Data for this exercise: Begin

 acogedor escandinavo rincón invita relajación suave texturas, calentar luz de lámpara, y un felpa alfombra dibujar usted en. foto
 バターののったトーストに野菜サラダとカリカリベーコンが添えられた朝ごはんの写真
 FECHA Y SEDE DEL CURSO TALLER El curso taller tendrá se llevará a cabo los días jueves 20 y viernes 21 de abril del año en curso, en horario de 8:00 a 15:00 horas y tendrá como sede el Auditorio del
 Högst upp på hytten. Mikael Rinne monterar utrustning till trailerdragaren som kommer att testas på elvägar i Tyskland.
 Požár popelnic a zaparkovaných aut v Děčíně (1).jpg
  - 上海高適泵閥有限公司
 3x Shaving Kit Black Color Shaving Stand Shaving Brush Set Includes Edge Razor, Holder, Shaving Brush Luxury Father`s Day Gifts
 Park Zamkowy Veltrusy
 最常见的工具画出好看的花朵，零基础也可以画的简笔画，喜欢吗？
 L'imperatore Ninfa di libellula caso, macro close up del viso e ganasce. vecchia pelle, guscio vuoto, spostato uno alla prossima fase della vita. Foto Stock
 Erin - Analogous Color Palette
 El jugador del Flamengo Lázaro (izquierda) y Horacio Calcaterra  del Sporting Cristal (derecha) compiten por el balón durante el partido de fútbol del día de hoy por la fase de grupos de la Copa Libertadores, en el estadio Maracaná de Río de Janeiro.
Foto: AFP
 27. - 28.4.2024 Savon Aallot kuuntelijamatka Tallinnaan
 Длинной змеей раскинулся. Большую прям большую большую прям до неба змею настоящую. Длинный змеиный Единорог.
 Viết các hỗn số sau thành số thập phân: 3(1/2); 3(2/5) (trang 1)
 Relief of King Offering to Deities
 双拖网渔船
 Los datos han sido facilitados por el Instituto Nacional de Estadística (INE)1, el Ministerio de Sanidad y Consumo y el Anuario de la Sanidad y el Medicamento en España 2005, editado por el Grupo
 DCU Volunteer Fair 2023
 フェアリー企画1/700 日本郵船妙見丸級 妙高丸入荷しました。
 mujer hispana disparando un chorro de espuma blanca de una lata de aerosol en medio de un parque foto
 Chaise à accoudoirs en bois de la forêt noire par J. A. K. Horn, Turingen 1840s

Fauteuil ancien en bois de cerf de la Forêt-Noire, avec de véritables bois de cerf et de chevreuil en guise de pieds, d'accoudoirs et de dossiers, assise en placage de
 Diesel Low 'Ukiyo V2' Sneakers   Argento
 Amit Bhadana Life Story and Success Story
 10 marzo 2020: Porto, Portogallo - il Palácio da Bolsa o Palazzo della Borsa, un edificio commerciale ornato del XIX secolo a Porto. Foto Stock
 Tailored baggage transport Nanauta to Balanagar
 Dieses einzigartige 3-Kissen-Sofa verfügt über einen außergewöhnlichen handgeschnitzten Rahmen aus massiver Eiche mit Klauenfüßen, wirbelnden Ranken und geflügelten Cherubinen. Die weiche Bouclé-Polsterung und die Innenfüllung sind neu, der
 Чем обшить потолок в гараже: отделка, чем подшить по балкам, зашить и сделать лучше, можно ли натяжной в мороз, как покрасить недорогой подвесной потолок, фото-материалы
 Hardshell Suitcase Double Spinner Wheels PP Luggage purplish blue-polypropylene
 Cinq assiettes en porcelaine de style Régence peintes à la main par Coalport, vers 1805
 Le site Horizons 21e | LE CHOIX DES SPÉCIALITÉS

Data for this exercise: End

=== Task description ===
In the data above, retype exactly and only the lines between the one holding "mujer hispana disparando" and the one holding "Hardshell Suitcase Double", inclusive.

=== Exercise output ===
 mujer hispana disparando un chorro de espuma blanca de una lata de aerosol en medio de un parque foto
 Chaise à accoudoirs en bois de la forêt noire par J. A. K. Horn, Turingen 1840s

Fauteuil ancien en bois de cerf de la Forêt-Noire, avec de véritables bois de cerf et de chevreuil en guise de pieds, d'accoudoirs et de dossiers, assise en placage de
 Diesel Low 'Ukiyo V2' Sneakers   Argento
 Amit Bhadana Life Story and Success Story
 10 marzo 2020: Porto, Portogallo - il Palácio da Bolsa o Palazzo della Borsa, un edificio commerciale ornato del XIX secolo a Porto. Foto Stock
 Tailored baggage transport Nanauta to Balanagar
 Dieses einzigartige 3-Kissen-Sofa verfügt über einen außergewöhnlichen handgeschnitzten Rahmen aus massiver Eiche mit Klauenfüßen, wirbelnden Ranken und geflügelten Cherubinen. Die weiche Bouclé-Polsterung und die Innenfüllung sind neu, der
 Чем обшить потолок в гараже: отделка, чем подшить по балкам, зашить и сделать лучше, можно ли натяжной в мороз, как покрасить недорогой подвесной потолок, фото-материалы
 Hardshell Suitcase Double Spinner Wheels PP Luggage purplish blue-polypropylene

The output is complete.